Abstracts

Rationale: CACNA1A, which encodes the voltage-dependent P/Q-type calcium channel subunit alpha-1A, is known to cause spinocerebellar ataxia type 6 (SCA6) and paroxysmal neurological disorders (PND), such as developmental and epileptic encephalopathy (DEE), familial hemiplegic migraine (FHM) and episodic ataxia (EA). With the advancement of next-generation sequencing, more CACNA1A non-expansion variants than expected have been identified in a wide range of PNDs, including paroxysmal dystonia and tremor. Understanding the clinical significance of these variants relies on a comprehensive delineation of the genotype-phenotype correlation.

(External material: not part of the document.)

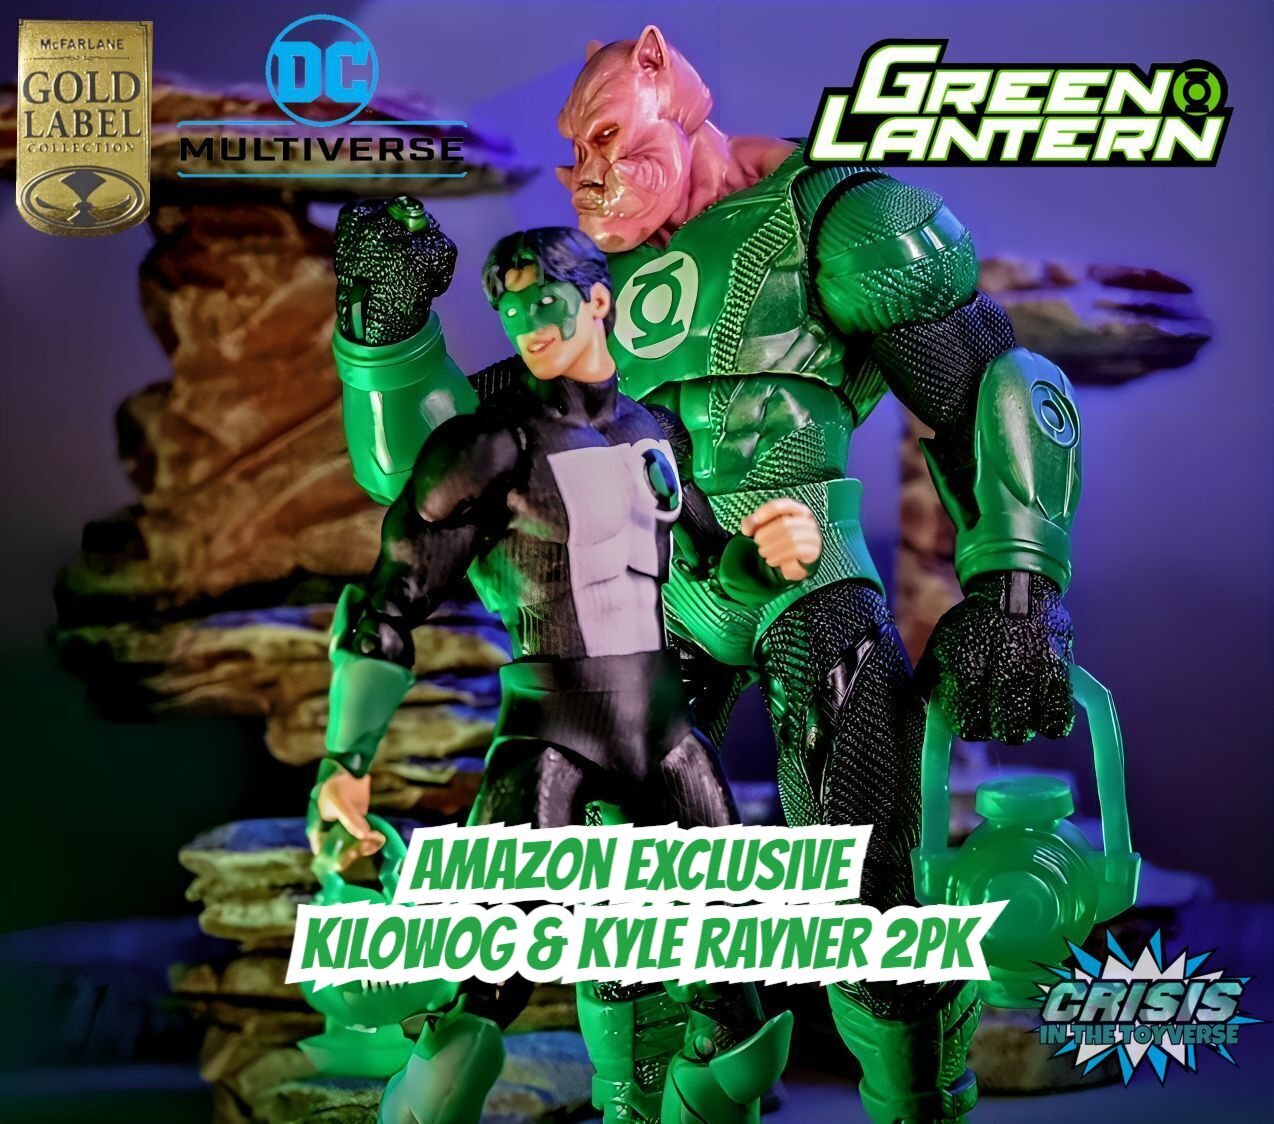 Mcfarlane Toys Amazon Exclusive Gold Label DC Multiverse Kilowog & Green Lantern 2pk Review

In this study, we reported 13 CACNA1A non-expansion variants, including five novel variants, associated with SCA6 or PNDs. This study expands the phenotypic spectrum of CACNA1A variants and contributes to the determination their pathogenicity.

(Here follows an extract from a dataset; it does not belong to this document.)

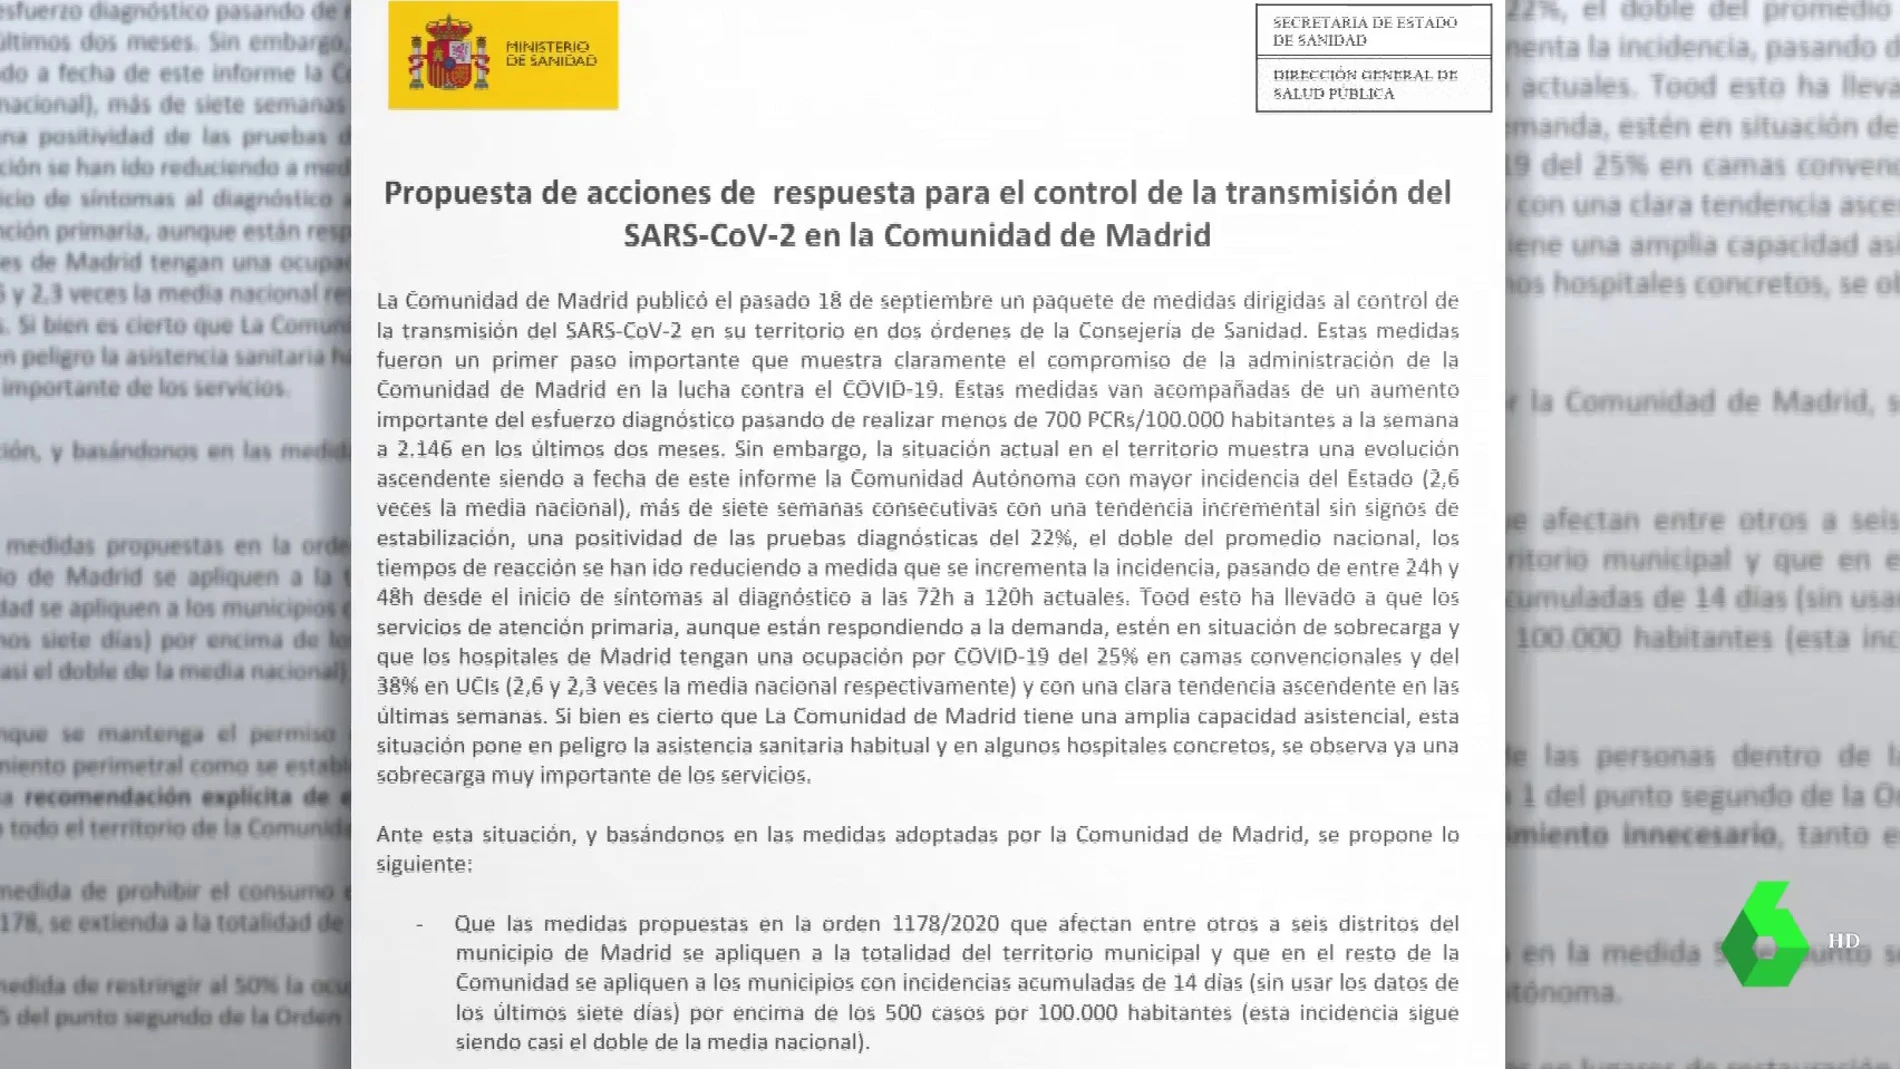 Documento entregado por Sanidad a la Comunidad de Madrid

Methods: Ninety-three unrelated patients with molecularly unassigned spinocerebellar ataxia (after exclusion of CAG repeat expansion), and 192 unrelated patients diagnosed as idiopathic epilepsy, paroxysmal kinesigenic dyskinesia (PKD), EA or FHM, were submitted for whole exome sequencing. The diagnoses were reviewed by senior neurologists at the Neurological Institute of Taipei Veterans General Hospital. For the identified genomic variations, Sanger sequencing was performed for validation, and intrafamilial segregation was conducted if family members were available.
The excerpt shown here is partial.